**Exercise objective**
The output has to be the full set of records, reproduced exactly, minus any picture.
Content starts
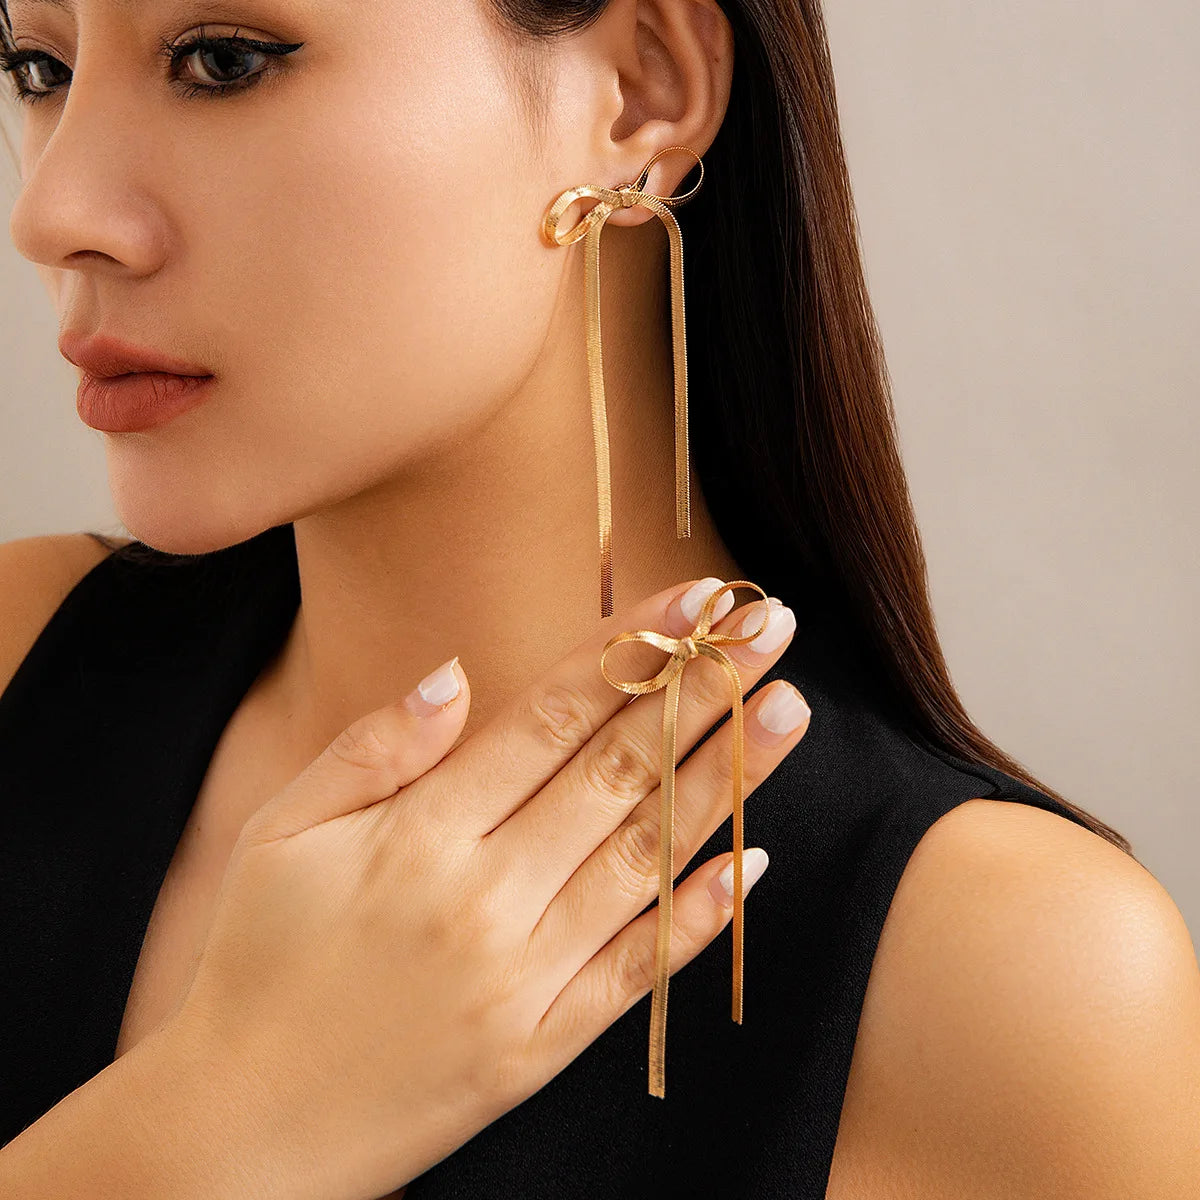 Trendy Long Bowknot Tassels Drop Earrings for Women Girls, Stainless Steel Stud Bow Textured Geometric Ear Jewelry
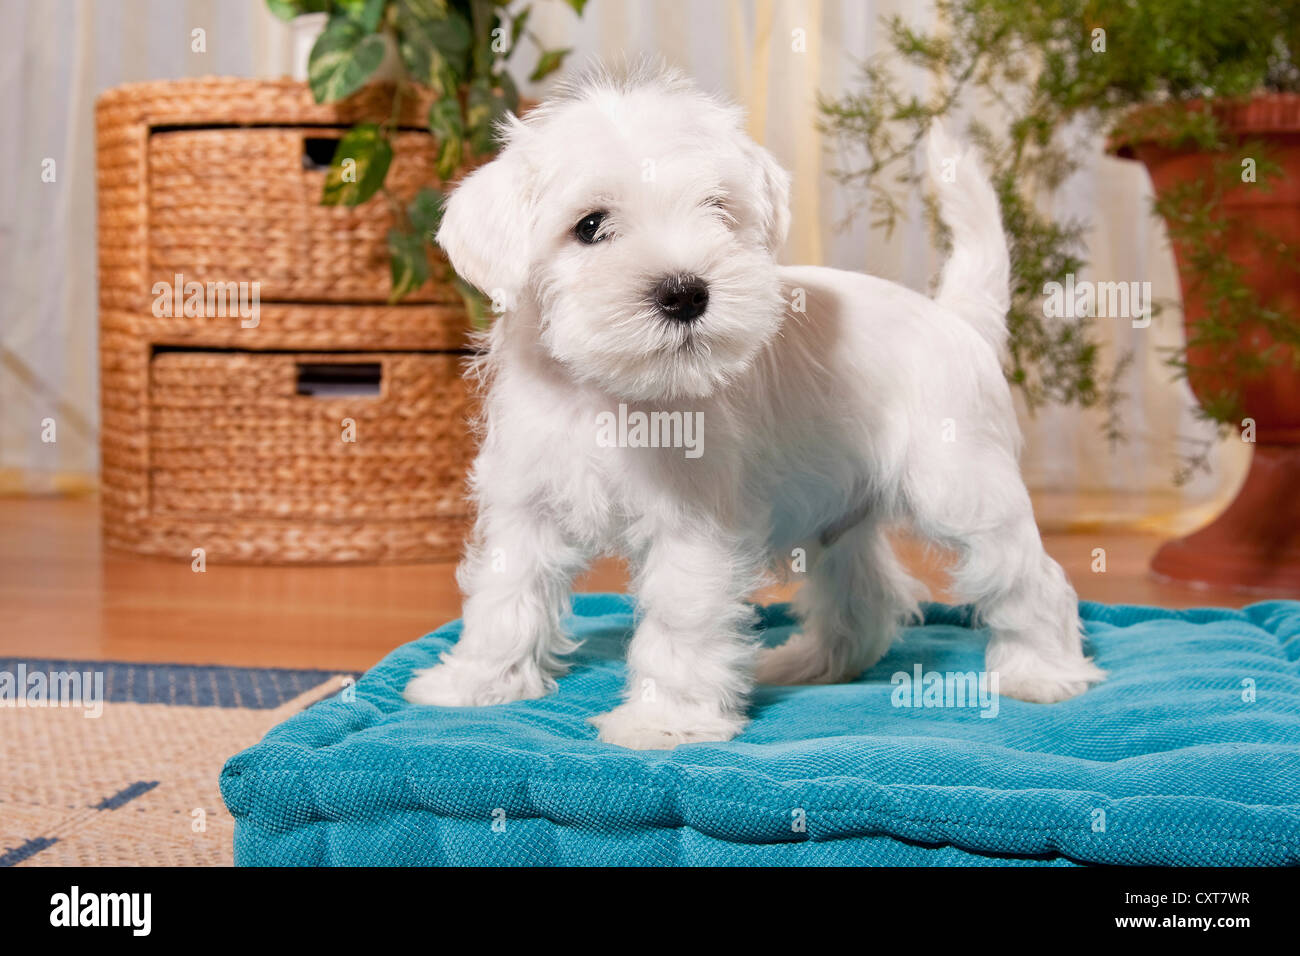 White Miniature Schnauzer Puppy On A Pillow Stock Photo Alamy
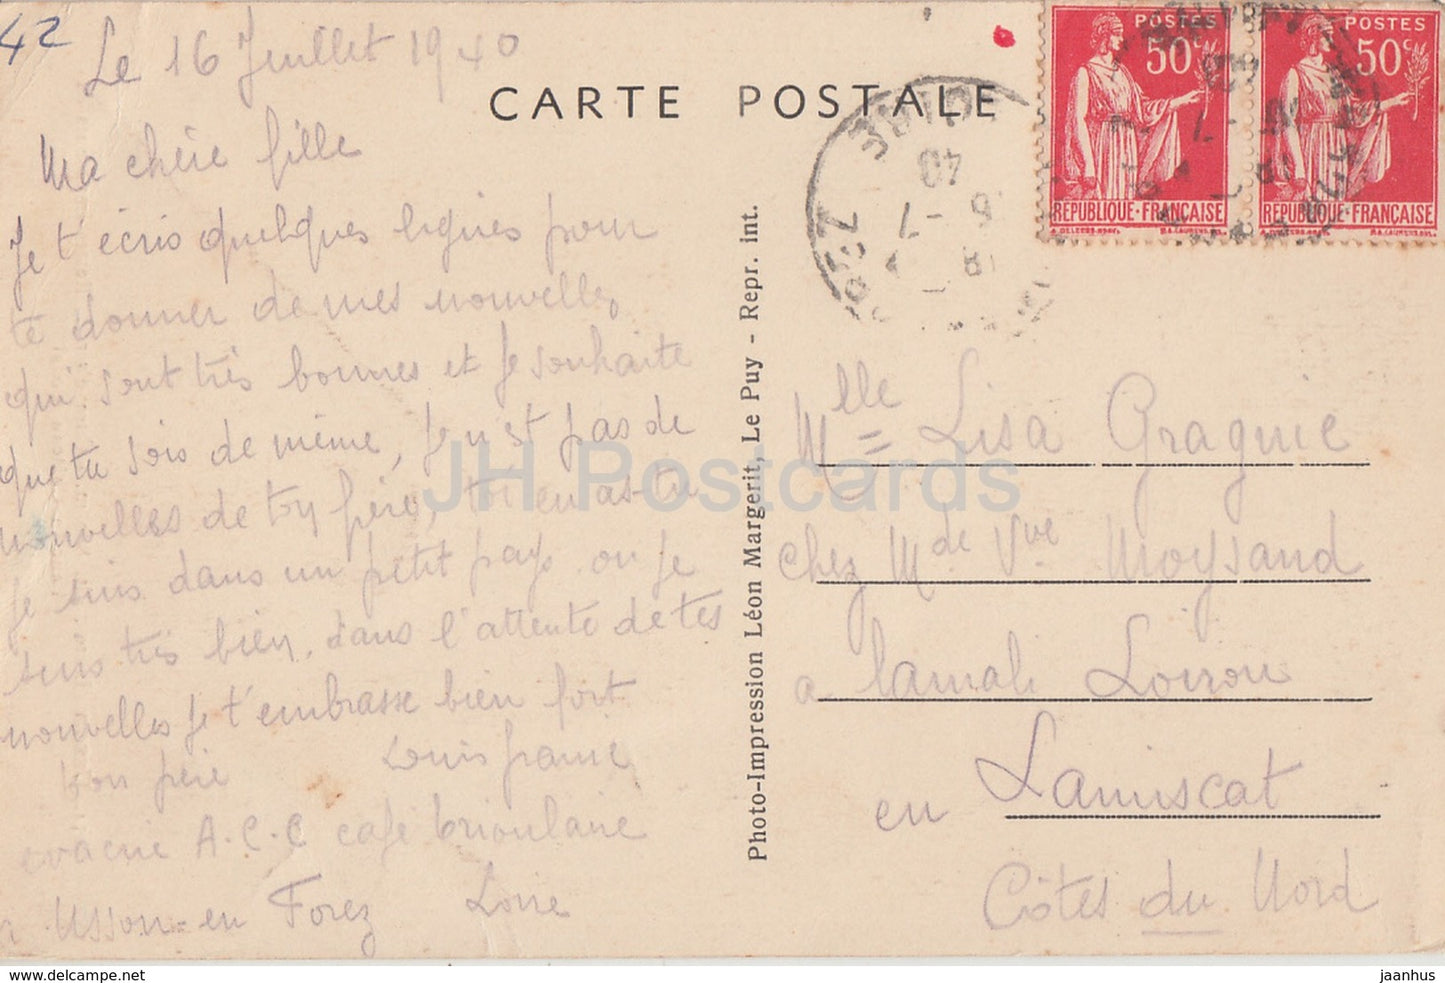 Usson - Cure d'air - Restes imposants de l'ancien Chateau feodal - Schloss - 3054 - alte Postkarte - 1940 - Frankreich - gebraucht
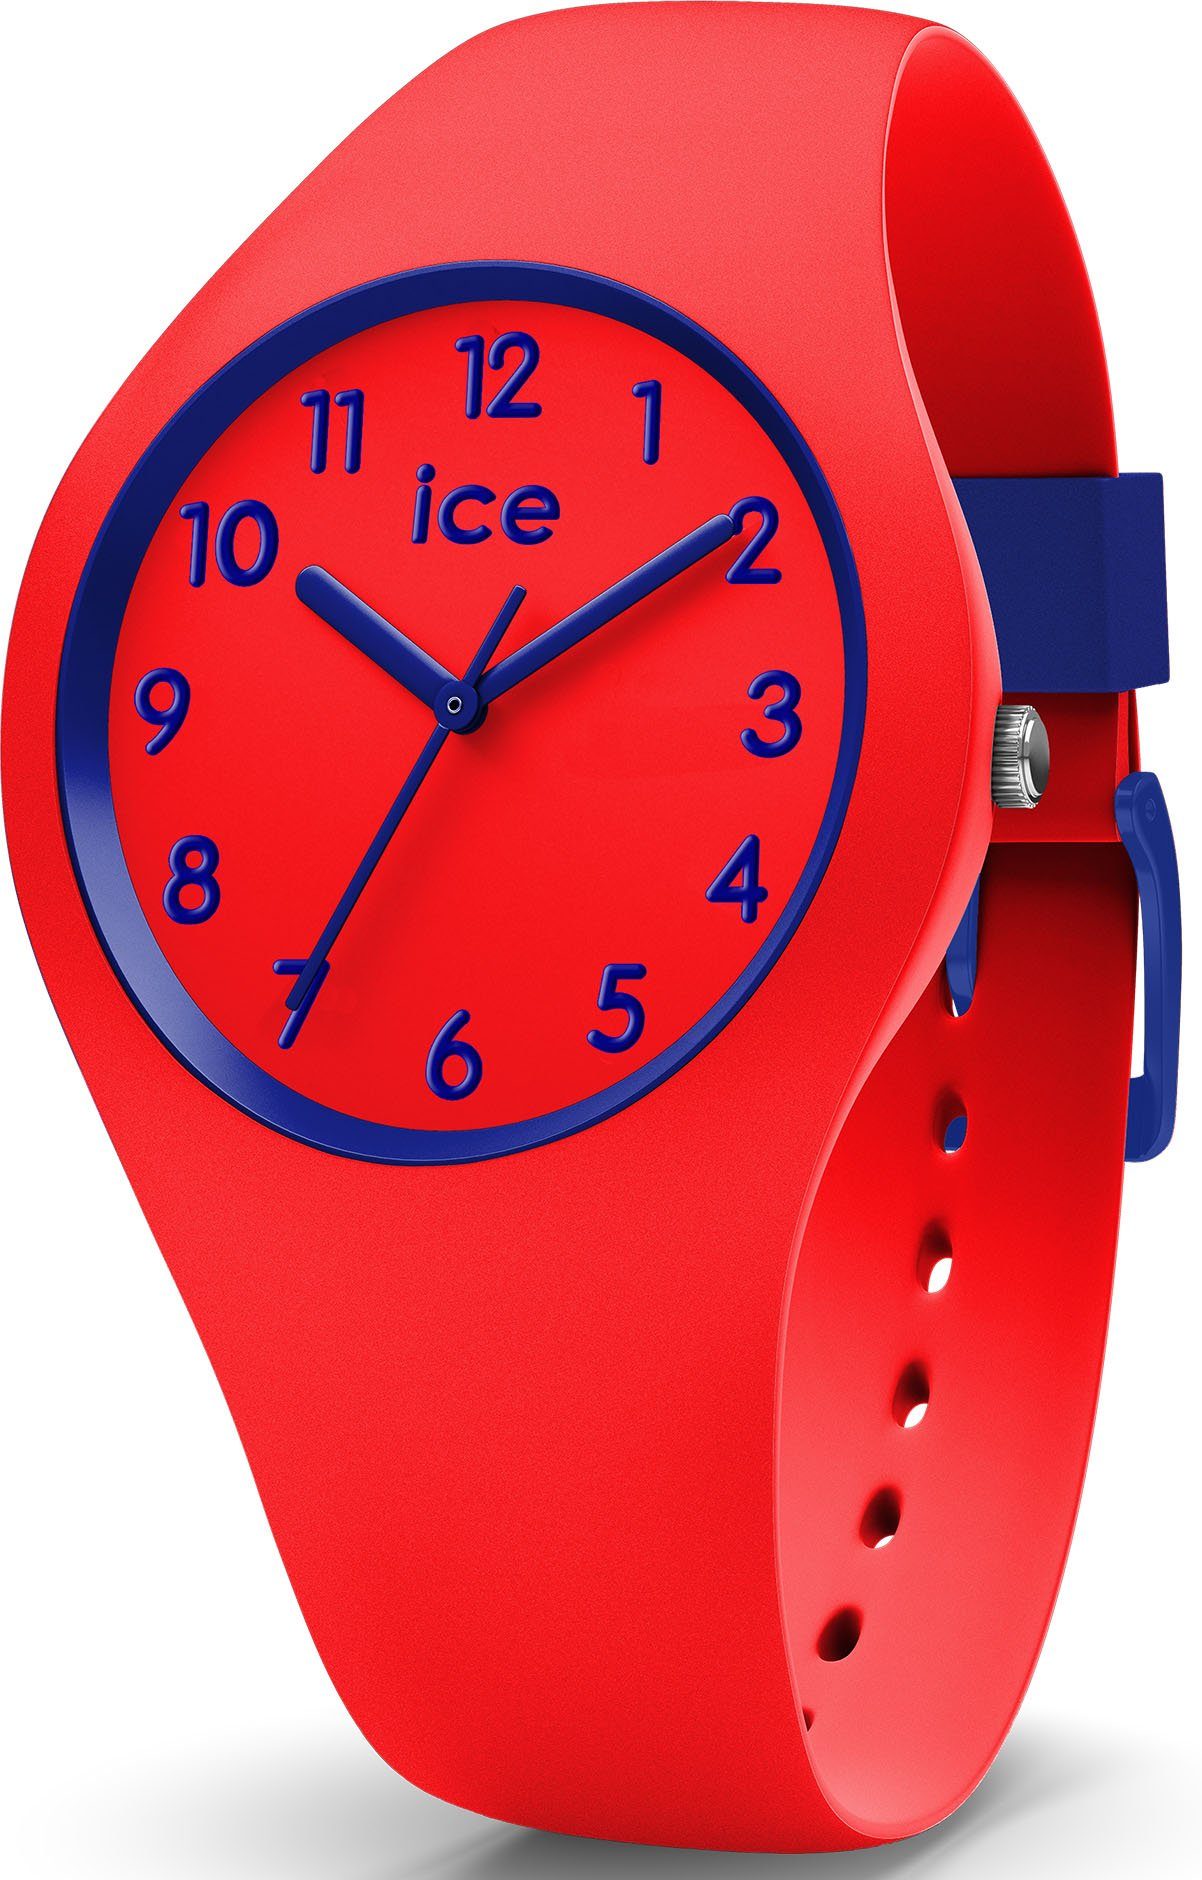 ice-watch Quarzuhr ICE ola ideal 014429, Geschenk auch als kids
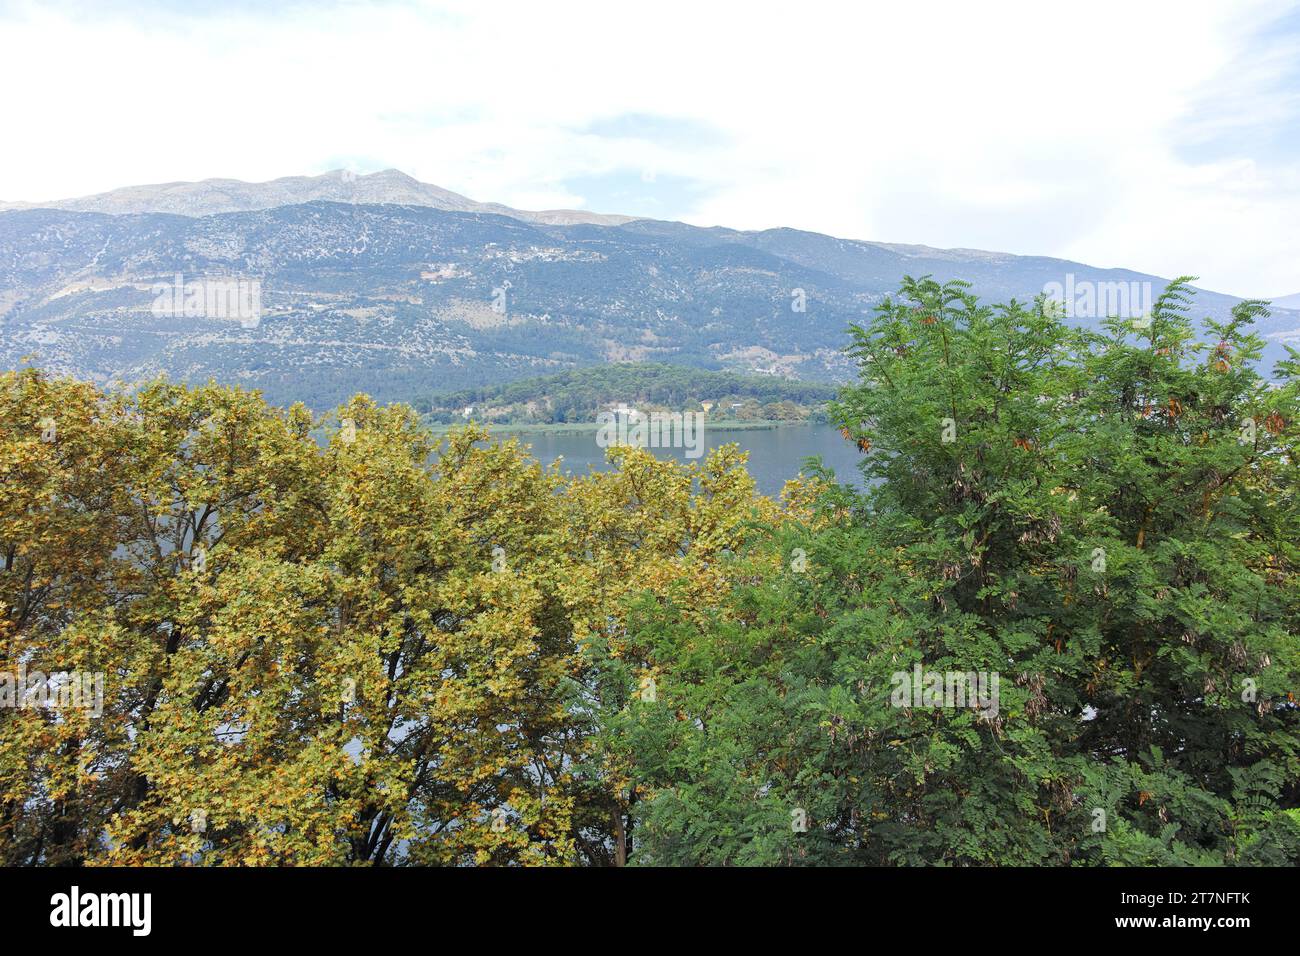 IOANNINA, GREECE - AUGUST 27, 2023: Panorama of Old town of city of Ioannina, Epirus, Greece Stock Photo
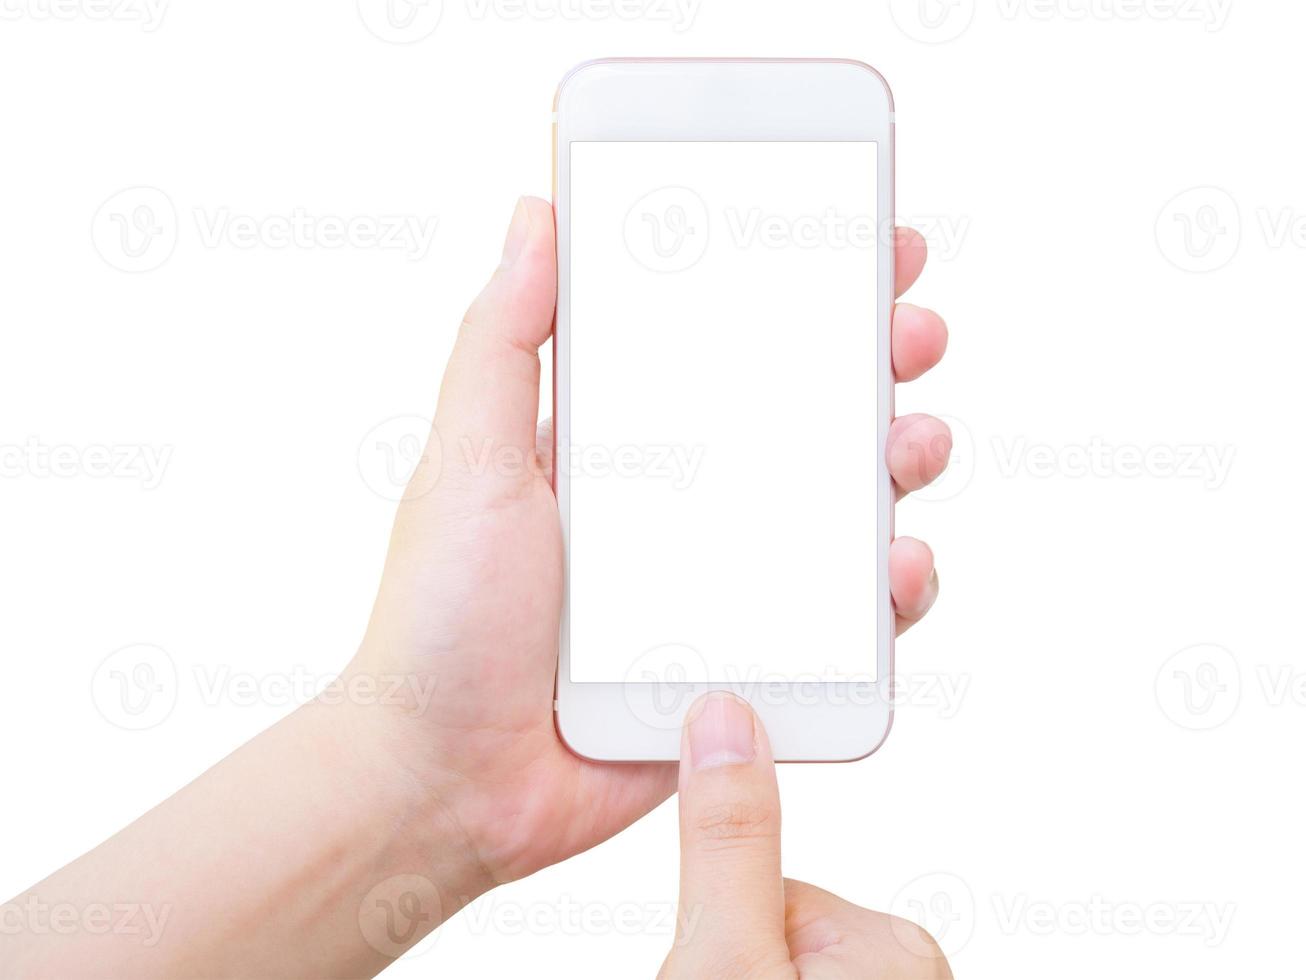 mano che tiene smart phone isolato su sfondo bianco foto
Content ends
**Task result**
 Trendy Long Bowknot Tassels Drop Earrings for Women Girls, Stainless Steel Stud Bow Textured Geometric Ear Jewelry
 White Miniature Schnauzer Puppy On A Pillow Stock Photo Alamy
 Usson - Cure d'air - Restes imposants de l'ancien Chateau feodal - Schloss - 3054 - alte Postkarte - 1940 - Frankreich - gebraucht
 ice-watch Quarzuhr ICE ola ideal 014429, Geschenk auch als kids
 IOANNINA, GREECE - AUGUST 27, 2023: Panorama of Old town of city of Ioannina, Epirus, Greece Stock Photo
 mano che tiene smart phone isolato su sfondo bianco foto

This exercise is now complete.